Cawe-cawe Presiden anarko-kapitalis cabut akar sepakbola Argentina
Lionel Messi, Diego Maradona, Juan Roman Riquelme, adalah segelintir pemain Argentina yang memiliki nama besar di dunia sepakbola. Namun sebelum mereka mencapai panggung internasional, mereka memiliki kesamaan: Langkah pertama mereka dimulai di jaringan luas klub olahraga lingkungan atau “clubes de barrio” di Argentina.

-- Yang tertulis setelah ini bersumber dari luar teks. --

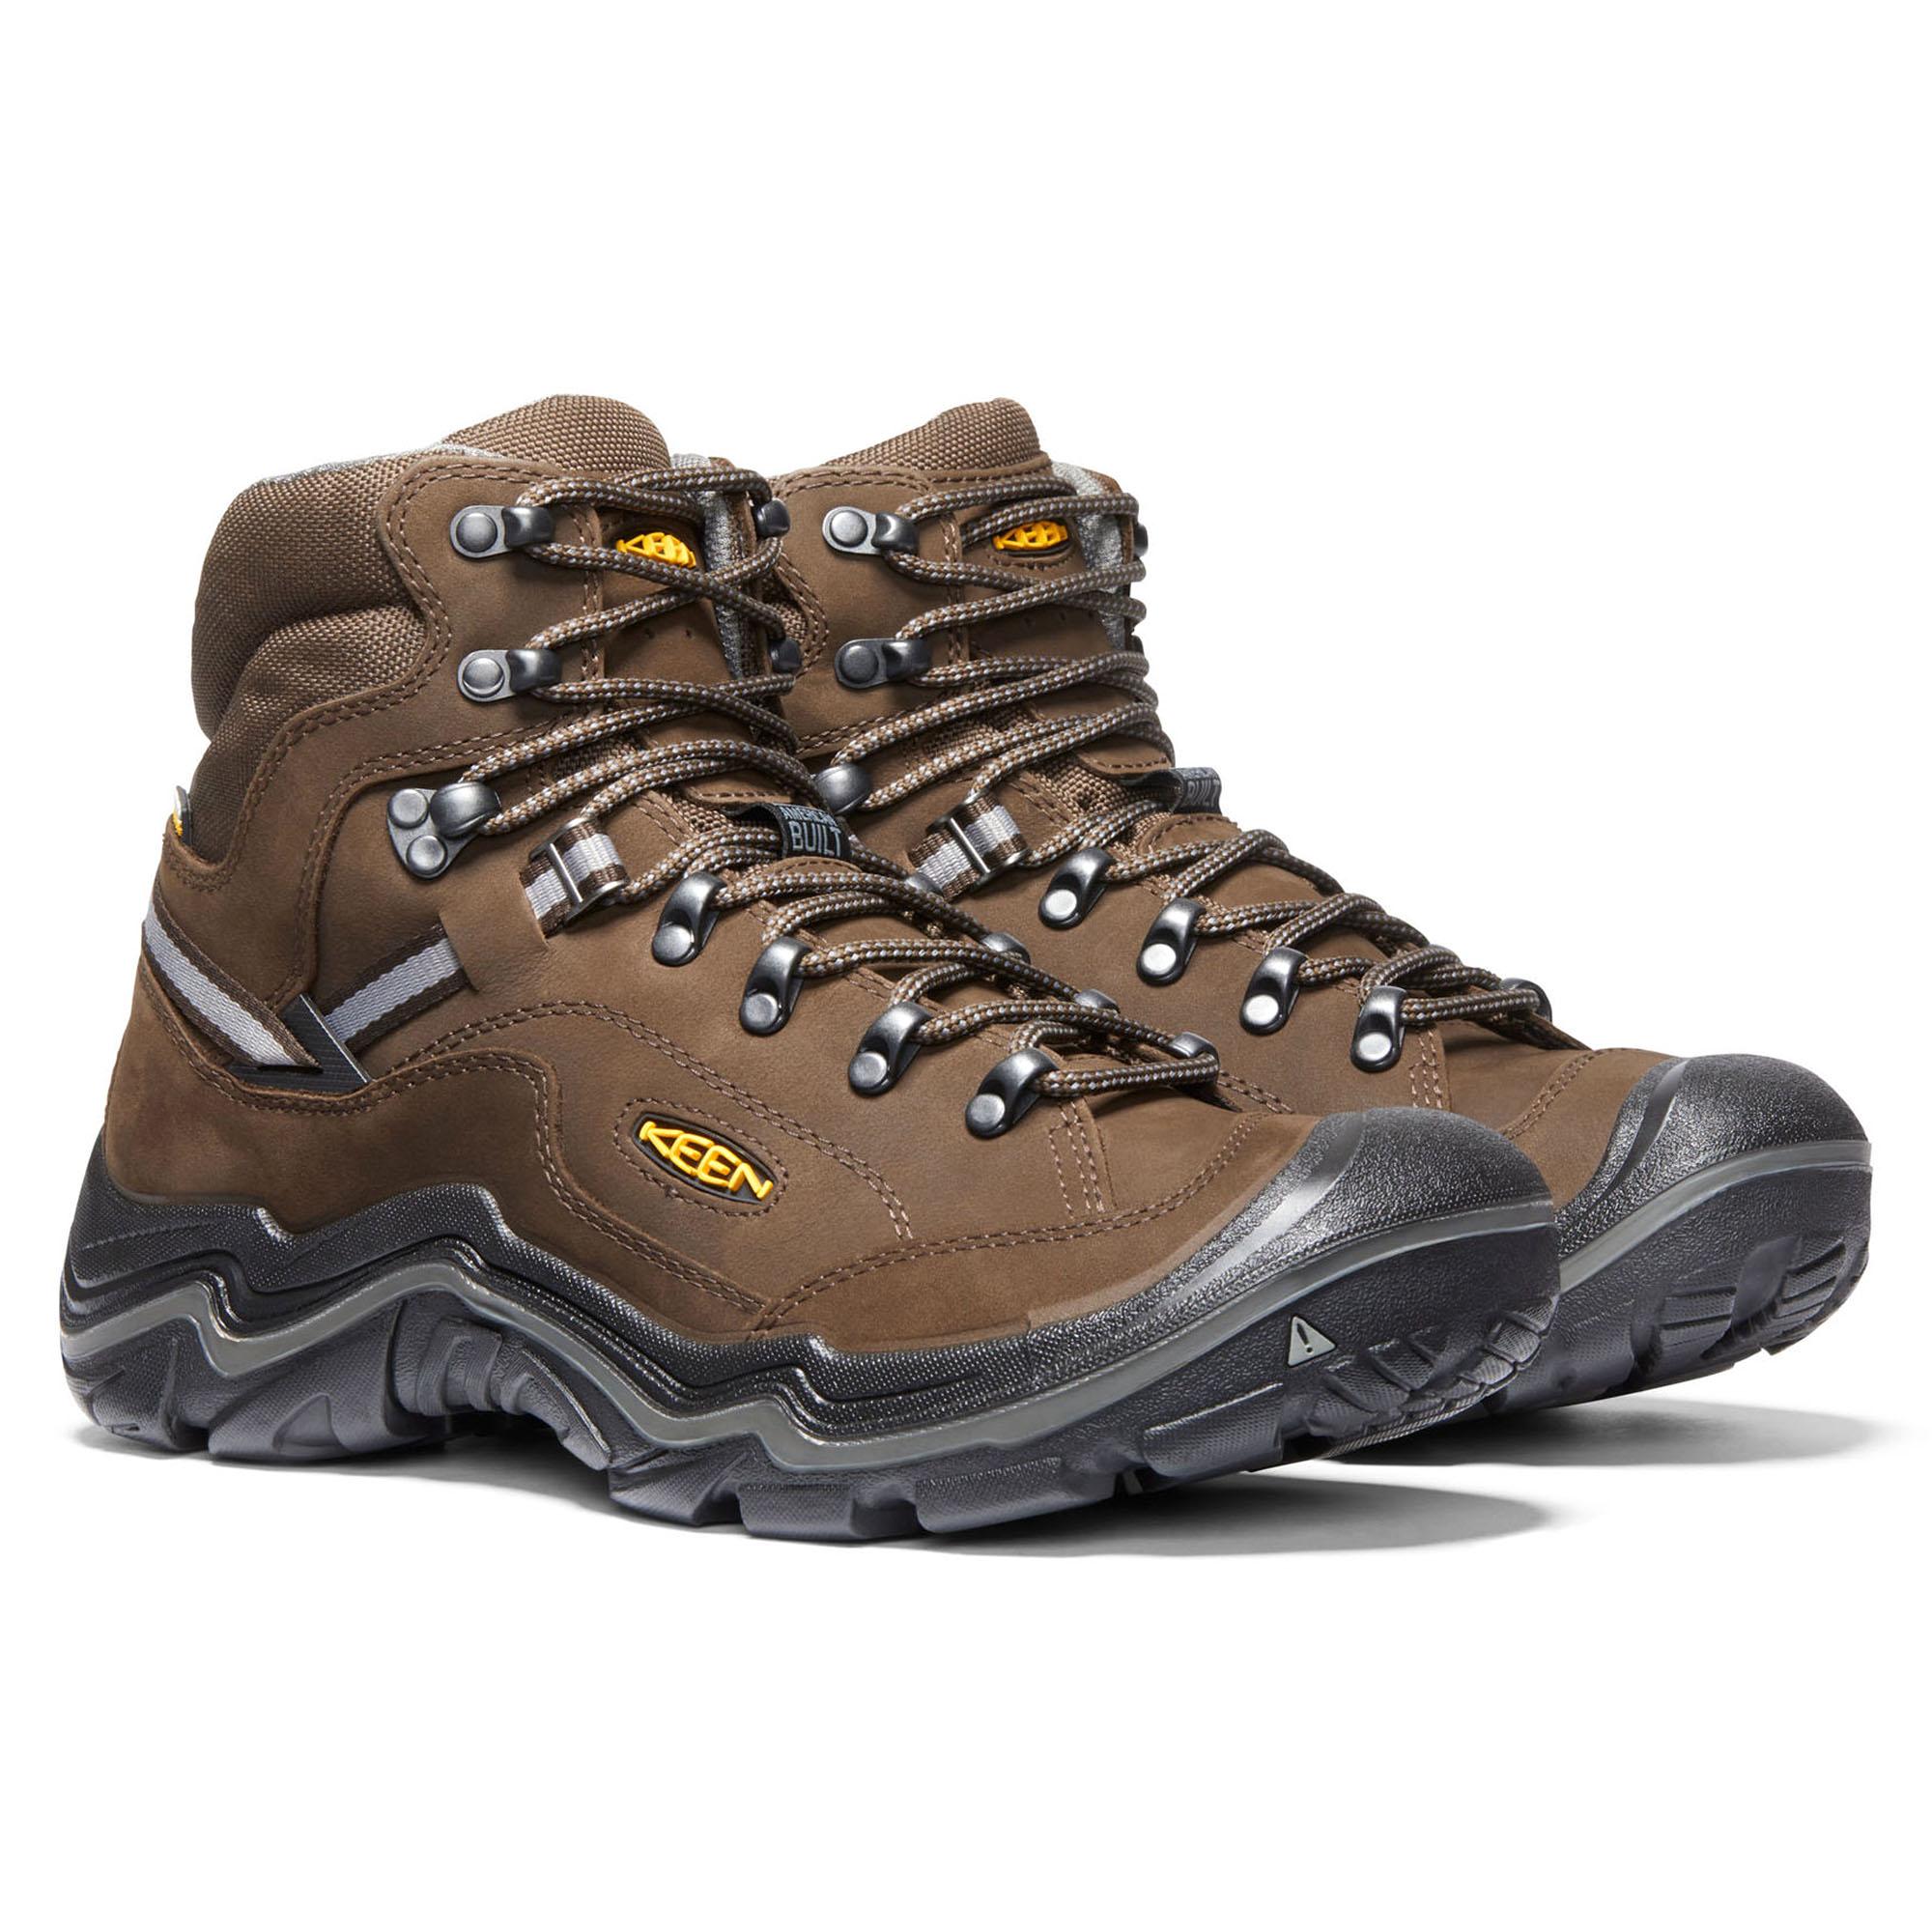 bcde3d72cc6 Keen Men's Durand II Mid Waterproof Hiking Boots

Klub-klub ini, yang diperkirakan berjumlah hampir 20.000 orang, telah menjadi bahan perdebatan di bawah Presiden Javier Milei, seorang “anarko-kapitalis” yang mulai menjabat pada bulan Desember.
Milei telah mendorong peningkatan privatisasi dalam perekonomian Argentina, dan bahkan sebelum dia terpilih, dia sudah mengarahkan perhatiannya pada klub-klub sepak bola yang paling dibanggakan di negara tersebut: Kelompok-kelompok besar seperti Asosiasi Sepak Bola Argentina saat ini mengharuskan anggota mereka menjadi asosiasi sipil nirlaba.
“Apakah Anda lebih suka melanjutkan penderitaan ini, di mana kualitas sepak bola kita semakin buruk?” Milei bertanya kepada pembawa acara radio dan TV Alejandro Fantino, membela gagasan tersebut pada tahun 2022.
Namun, para pendukung komunitas memperingatkan bahwa privatisasi – ditambah dengan langkah-langkah penghematan yang dilakukan Milei – dapat mengancam keberadaan klub-klub lingkungan.
Ruben Marengo, presiden Klub Franja de Oro, mengatakan kepada Al Jazeera bahwa dia melihat tindakan Milei sebagai bagian dari serangkaian serangan yang dihadapi klub selama bertahun-tahun.
Klub-klub tersebut “telah menjadi sasaran jahat dari semua pemerintahan neoliberal”, kata Marengo, yang menggambarkan lembaga-lembaga lingkungan tersebut sebagai bagian dari landasan demokrasi Argentina.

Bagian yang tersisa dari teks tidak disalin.